In the description below, a system for providing messages to controllers of vehicles is described. The controllers of vehicles can include a human driver in the vehicle, a human driver who is remotely controlling the vehicle, an onboard computing system that is located in the vehicle and controls movement of the vehicle, a remote computing system that is located remotely from the vehicle but still controls movement of the vehicle, or any combination of these controllers. A message is considered to be provided to the controller of the vehicle when it is transmitted so that the controller or at least one of the controllers can receive and understand the message. For human drivers, a message is provided to the driver if it is displayed on a road sign, is displayed on a monitor or mobile device where the driver is located, or is announced on an audio system where the driver is located. For computing systems, the message is considered provided to the controller of the vehicle when data representing the message is addressed to the computing system and is sent either directly or through one or more networks to the computing system.

The various embodiments described herein provide a Queue Warning system (QWARN) that is capable of detecting dangerous traffic conditions, i.e. crash-prone conditions, on roads and delivering warning messages to controllers of vehicles, in order to increase their alertness to these traffic conditions and ultimately reduce crash frequency. The vehicle controllers can be human drivers, electronic controllers located within a self-driving vehicle, or electronic controllers or human drivers located in a remote location from the vehicle. The embodiments approach the topic from the quantification of traffic flow to the multi-layer system design along with different approaches including the traffic assessment modeling and the development of control algorithms. The embodiments also introduce a new approach in evaluating the proposed system by measuring the efficiency of the warning that overcomes the limit of traditional evaluation indexes like false alarm rate.

1 Example Site and Available Data

In accordance with some embodiments, conditions are observed and measured before, during, and shortly after an actual event. This translates to continuous monitoring and data collection at a location that maximizes the probability of recording crashes.

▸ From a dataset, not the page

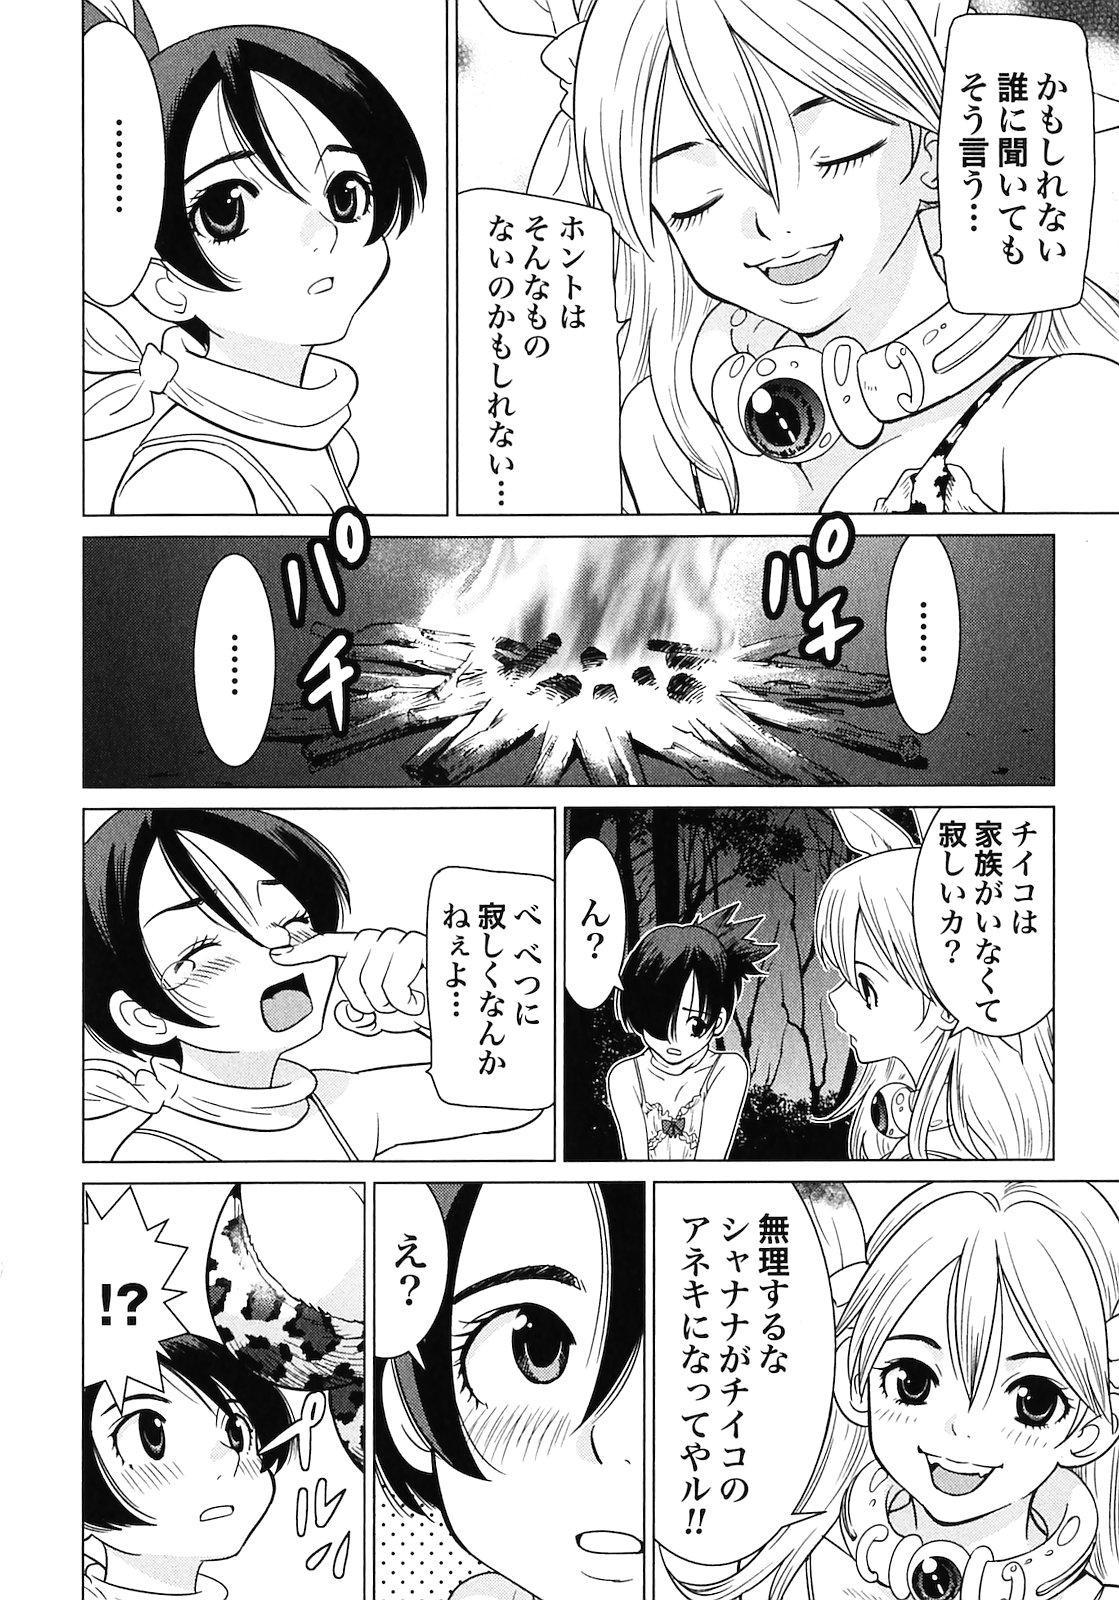 Makyo no Shanana Vol.02 19
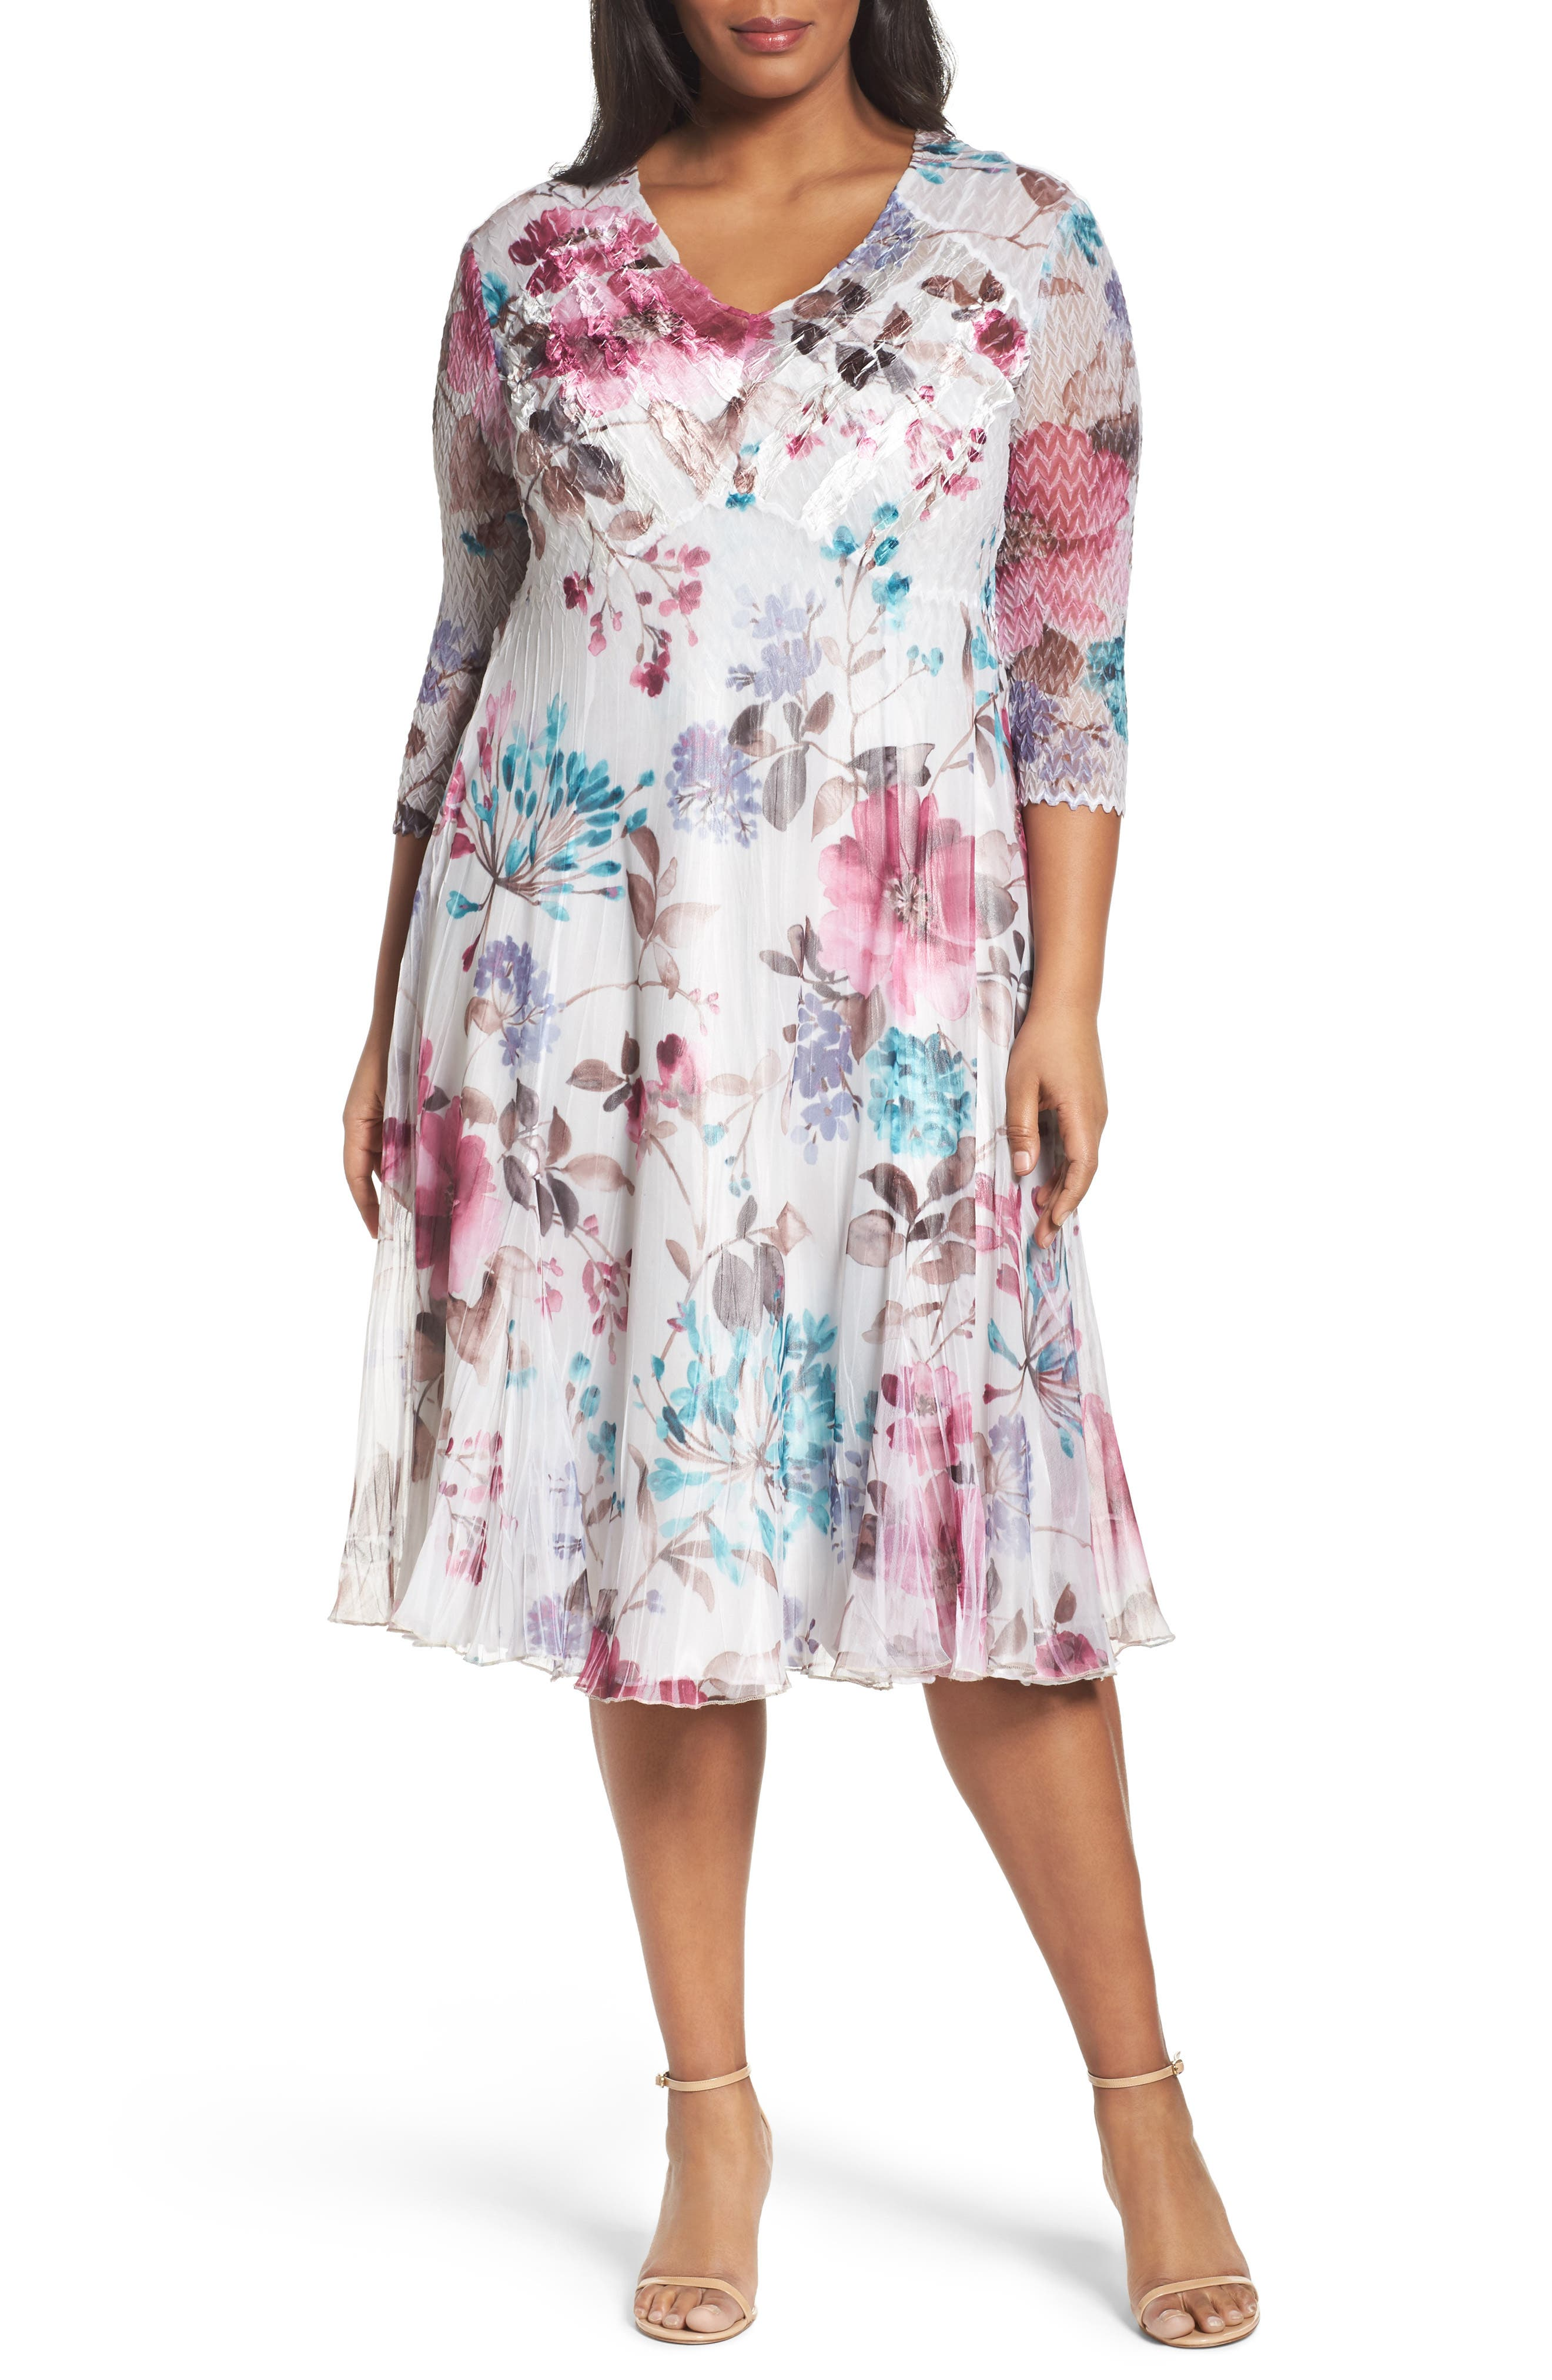 Alternate Image 1 Selected - Komarov Floral Chiffon & Charmeuse A-Line Dress (Plus Size)

In the Minneapolis-Saint Paul Metropolitan Area (Twin Cities), Interstate 94 (I-94) connects these two major cities, and it is the major freeway corridor connecting the two banks of the Mississippi River in the region. One embodiment was implemented along a length of 1.7 miles on I-94 westbound near Downtown Minneapolis. This segment of I-94 is near the exit of I-35W, the west branch of Interstate 35 that goes through Minneapolis. Being near the downtown results in a large traffic volume merging in and out these two freeways. Such large volume and merging often destabilizes traffic on this freeway segment, resulting in rear-end crashes. These dangerous traffic conditions often produce shockwaves where drivers need to reduce their speed in a short time and space. According to MnDOT records, this segment had the highest crash rate in the entire freeway system, as high as 4.81 crashes per million vehicle miles. An equivalent to approximately a crash every two days. Fatalities and severe injuries are very rare since the prevailing speed during Crash-Prone Conditions (CPCs) is relatively low. The majority of crashes result only in property damage.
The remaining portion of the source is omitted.